For the discriminative model run the https://github.com/Kata5/DeepLearning2021/blob/main/DeepLearning2021_Milestone1_2.ipynb
For the generative model run the https://github.com/Kata5/DeepLearning2021/blob/main/DeepLearning2021Milestone03.ipynb
Please find the results of VAE parameter optimalization in https://github.com/Kata5/DeepLearning2021/tree/main/VAE_results folder.
Latents were discovered by hand and the best latents were achieved at https://github.com/Kata5/DeepLearning2021/blob/main/VAE_results/vae_best.pt (Which is uploaded to Google drive so as to be able to download it from the ipynb file as well.)

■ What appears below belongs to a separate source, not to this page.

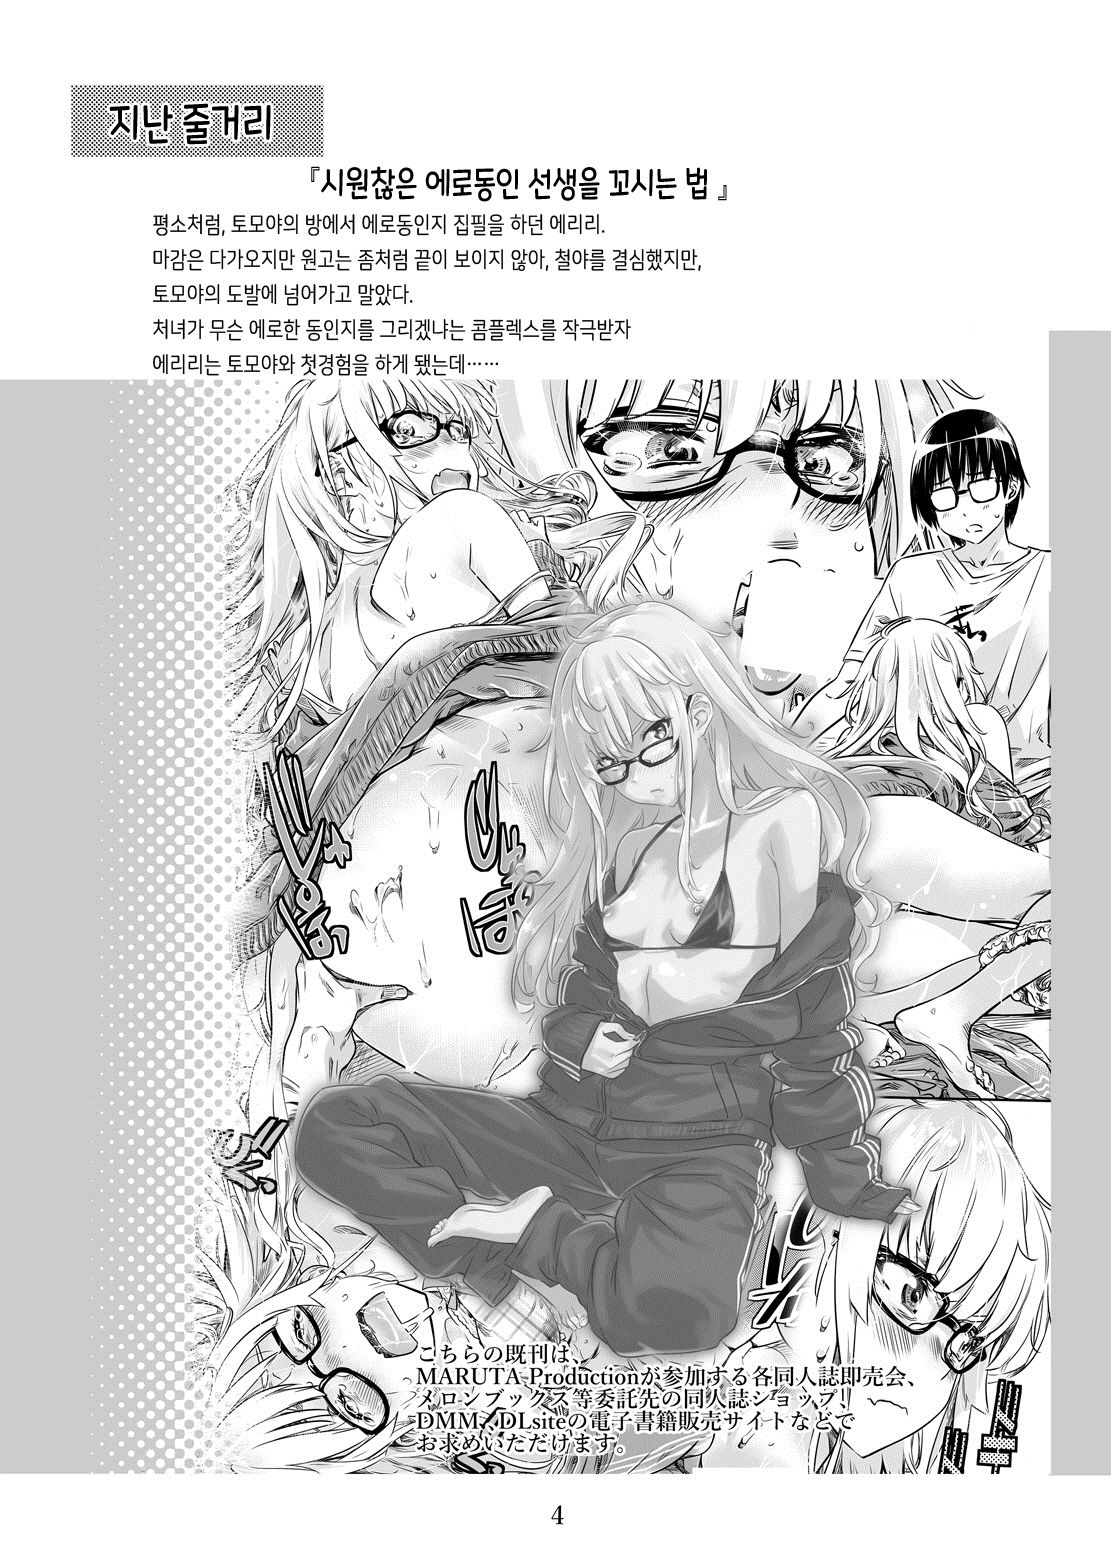 [MARUTA Production (MARUTA)] Saenai Heroine Series Vol. 2 - Saenai Namaashi Senpai no Ijirikata | 시원찮은 히로인 시리즈 Vol. 2 - 시원찮은 맨발선배의 장난방법 (Saenai Heroine no Sodatekata) [Korean] [Team AteLieR] [Digital] 3

In the first milestone we prepared a balanced training / test / validation dataset for the later classificaton task with a splitting function of the database. Some basic data discovery was also performed.
In this milestone
- we built a discriminative model for learning the labels of the database - DeepLearning2021_Milestone1_2.ipynb
- a deep generative model (i.e. a variational autencoder) was trained to learn the features of the faces - DeepLearning2021Milestone02.ipynb (due to hardware error the version on the deadline became corrupted; but having a check on the version before can prove that the model was working before the deadline as well)
The discriminatve model used transfer learning based on an Inception v3 model pretrained on imagenet and the last layers were trained on the database with an early stopping callback. With the first naive model a pecision of 90% was reached. (for more details see the documentation later)
A deep generative model i.e. a variational autoencoder was built to learn the features of the faces. To discover the meaning of the latents a latent traversal was implemented with an The latent space of the variational autoencoder consisted of 64 dimension and some of them coded interpretable features of the faces. I.e.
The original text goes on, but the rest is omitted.